= Data excerpt =
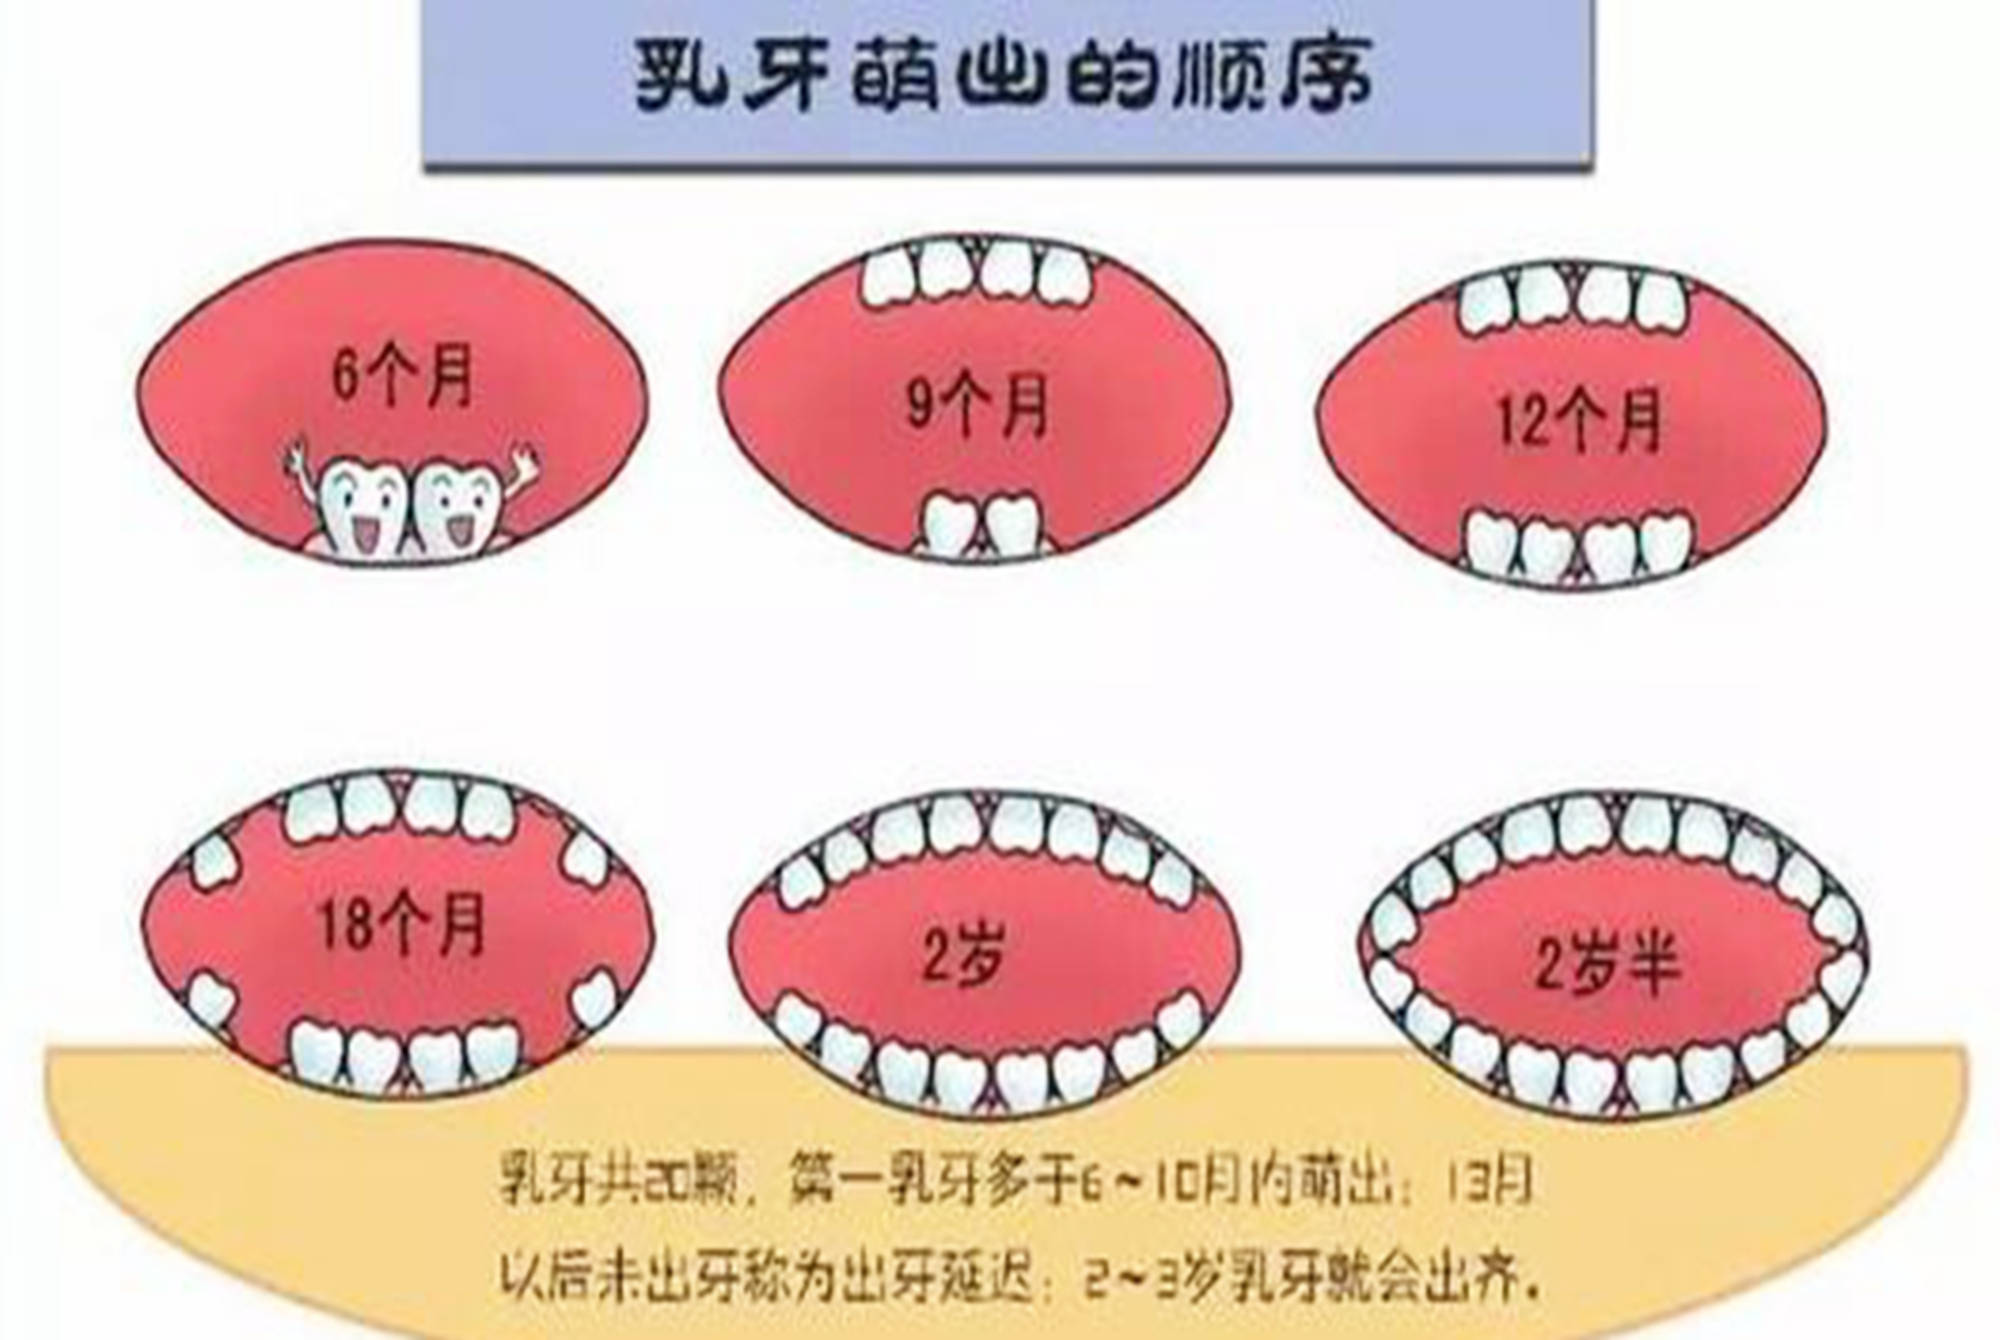 原创宝宝出牙早晚有啥差异?读懂这些出牙征兆,才能顺利迈过出牙期
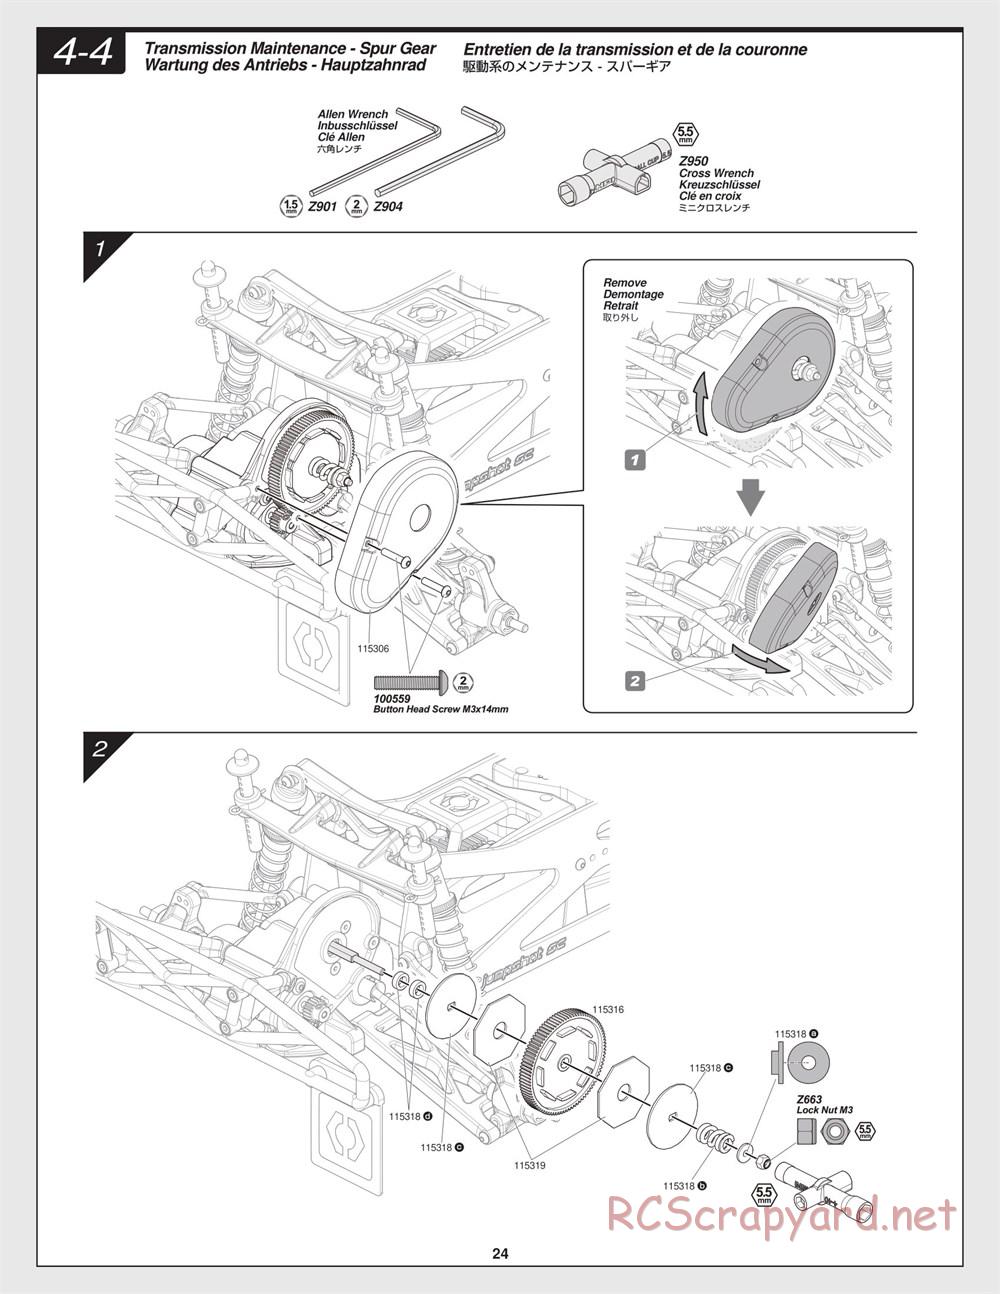 HPI - Jumpshot SC - Manual - Page 24
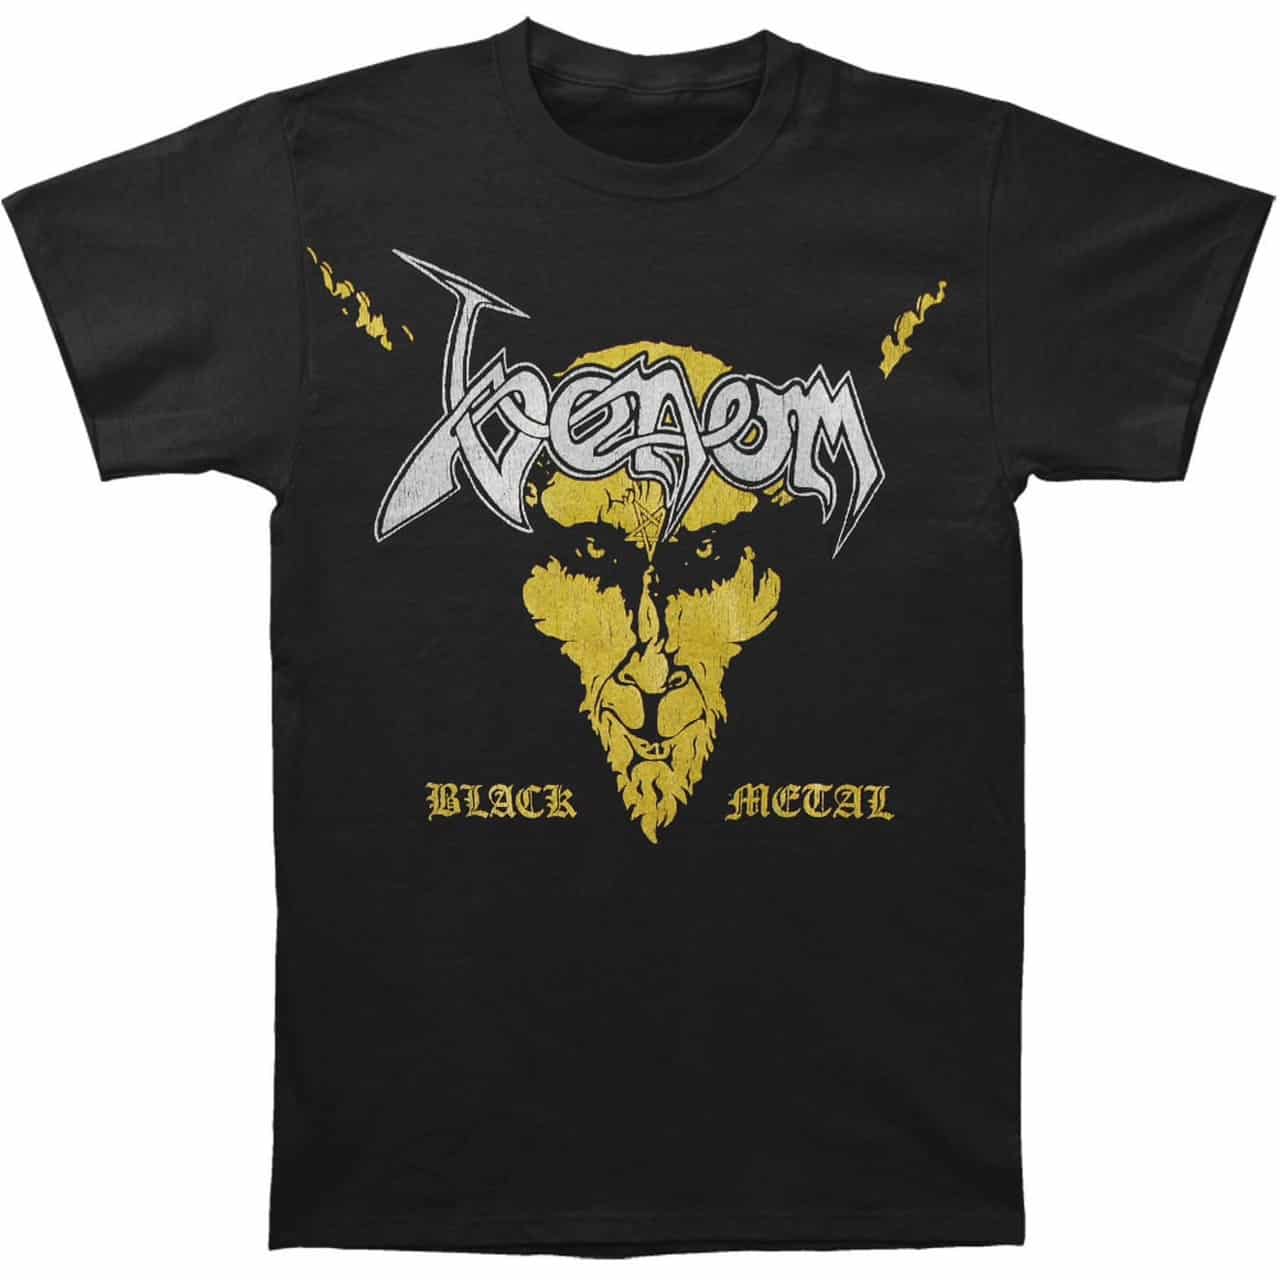 Venom Black Metal T-Shirt

= Work to be completed =
Reproduce the data word for word; no pictures.

= Output for this task =
 原创宝宝出牙早晚有啥差异?读懂这些出牙征兆,才能顺利迈过出牙期
 HPI - Jumpshot SC - Manual - Page 24
 Venom Black Metal T-Shirt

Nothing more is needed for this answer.